[[ Material shown open ]]

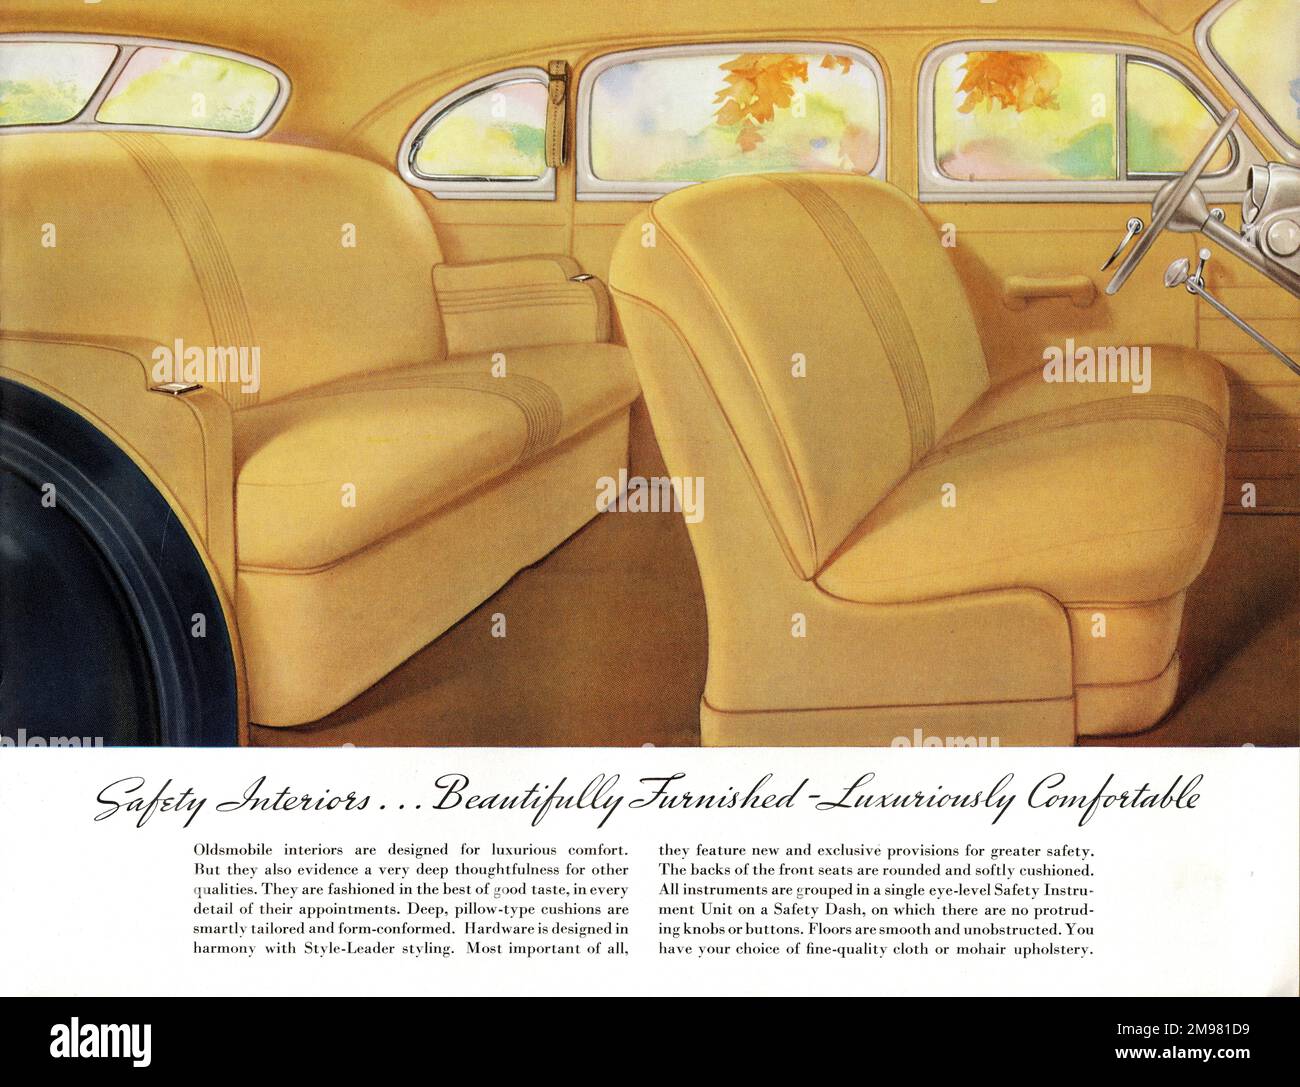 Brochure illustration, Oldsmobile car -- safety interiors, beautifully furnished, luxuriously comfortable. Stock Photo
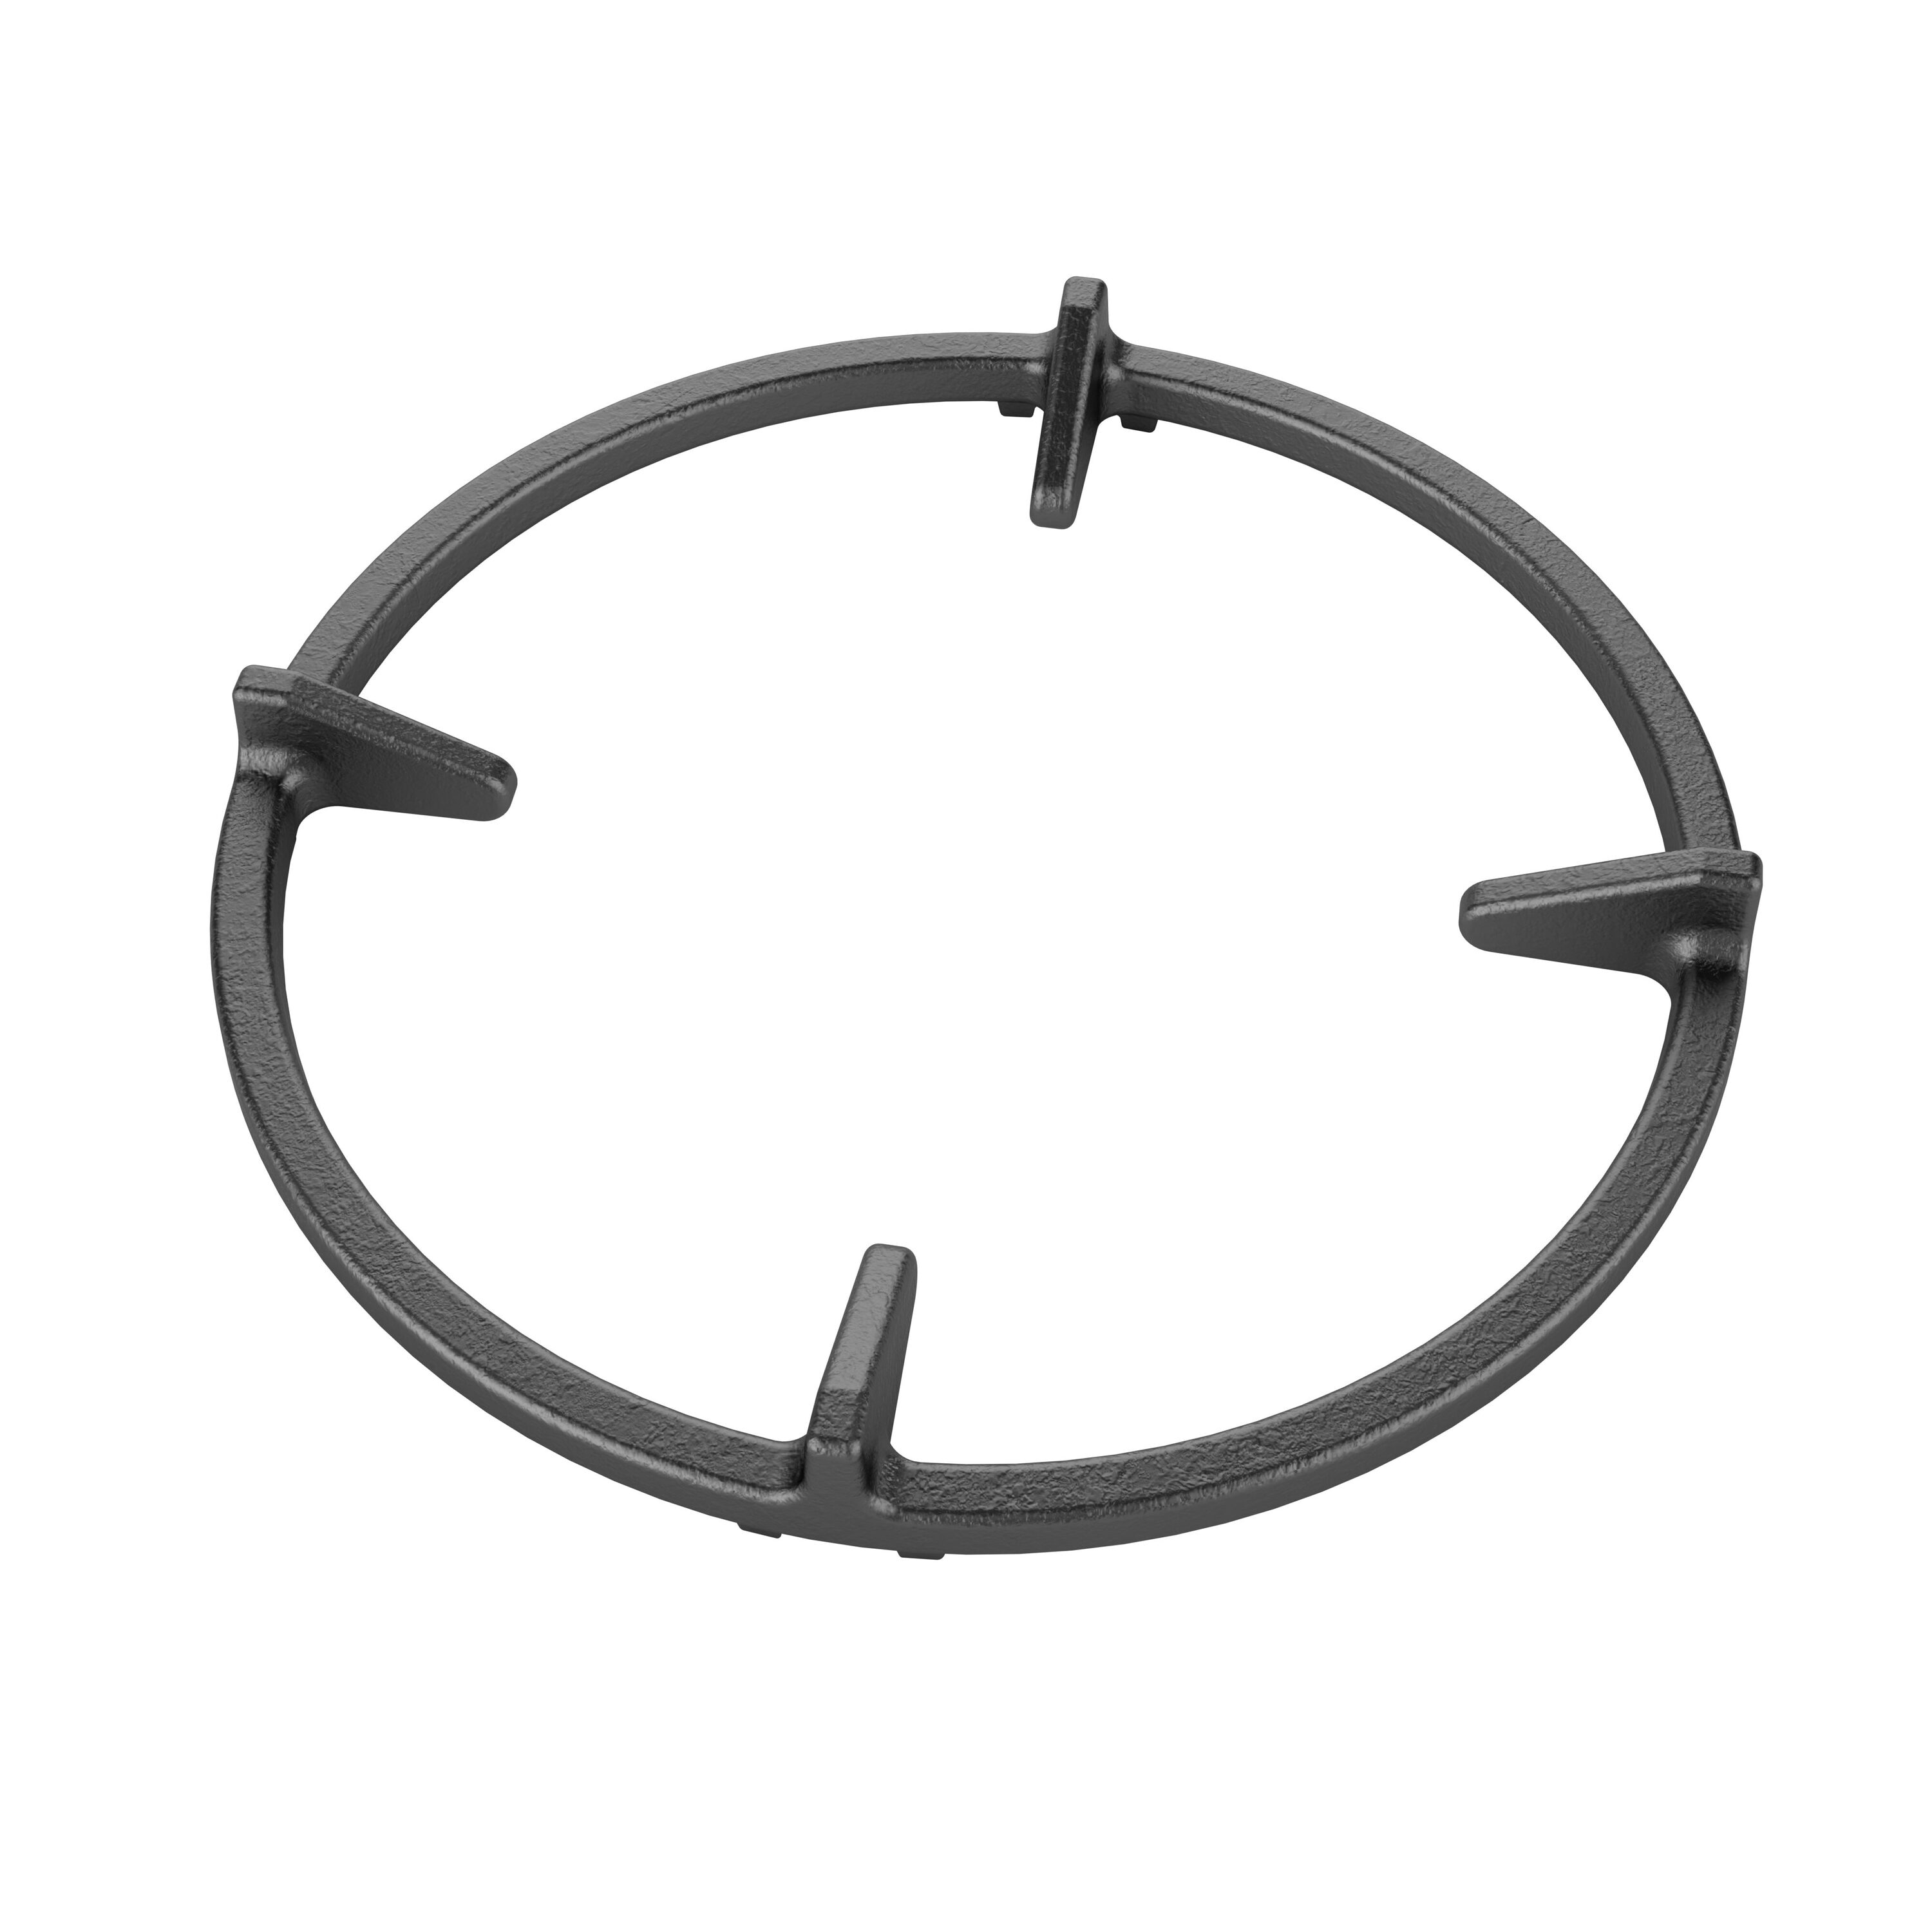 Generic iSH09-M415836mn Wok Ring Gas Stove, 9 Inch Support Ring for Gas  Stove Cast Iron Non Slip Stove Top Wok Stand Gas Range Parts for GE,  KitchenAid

[[ Material shown closed ]]
[[ Material shown open ]]

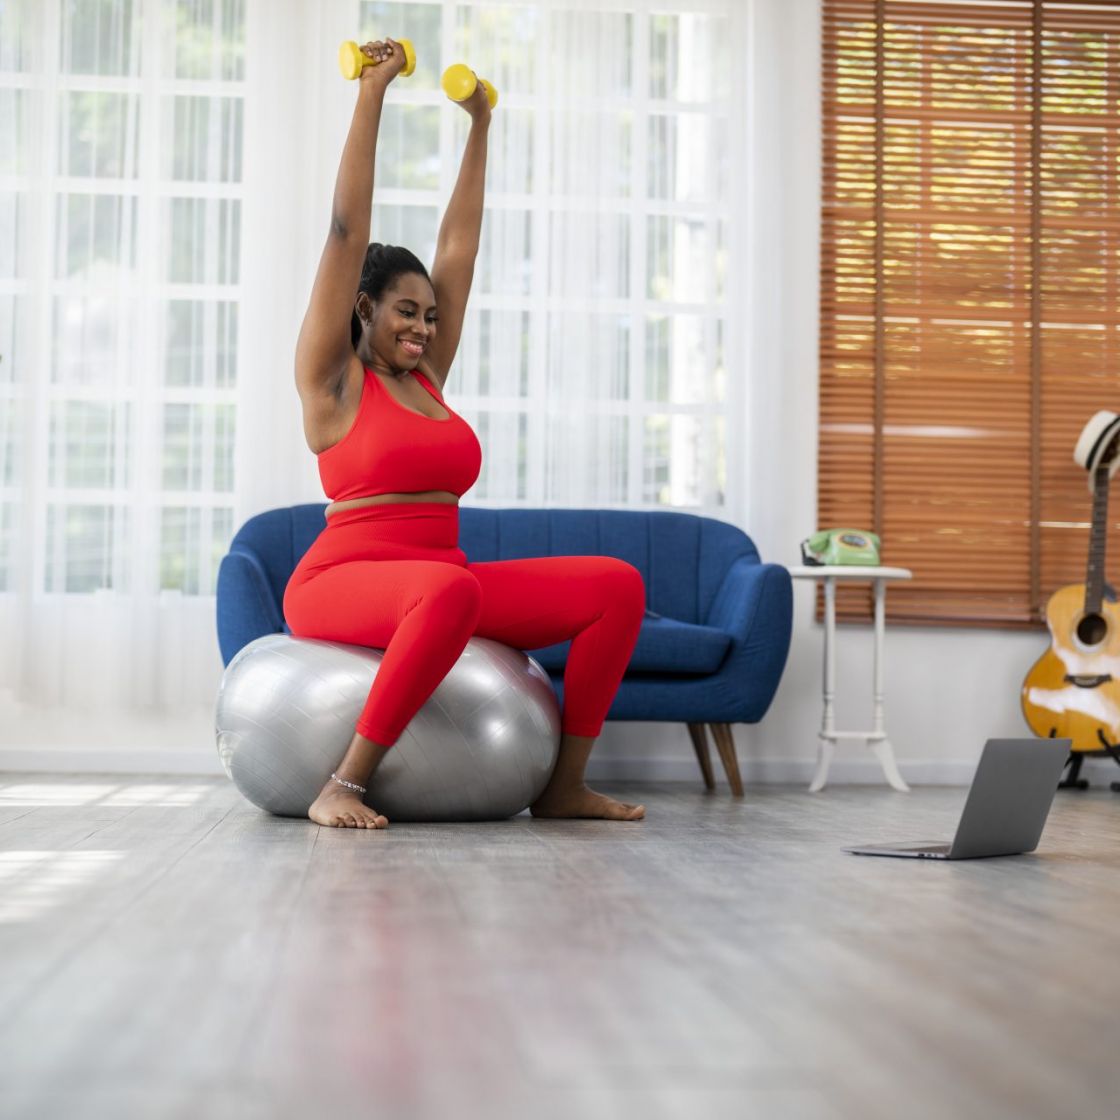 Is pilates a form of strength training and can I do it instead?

[[ Material shown closed ]]

Task instructions:
Working from the entries above, please transcribe only the lines from the line with "Brochure illustration, Oldsmobile" through the line with "Generic iSH09-M415836mn Wok", exactly, with both end lines and without pictures.

Written solution:
 Brochure illustration, Oldsmobile car -- safety interiors, beautifully furnished, luxuriously comfortable. Stock Photo
 Generic iSH09-M415836mn Wok Ring Gas Stove, 9 Inch Support Ring for Gas  Stove Cast Iron Non Slip Stove Top Wok Stand Gas Range Parts for GE,  KitchenAid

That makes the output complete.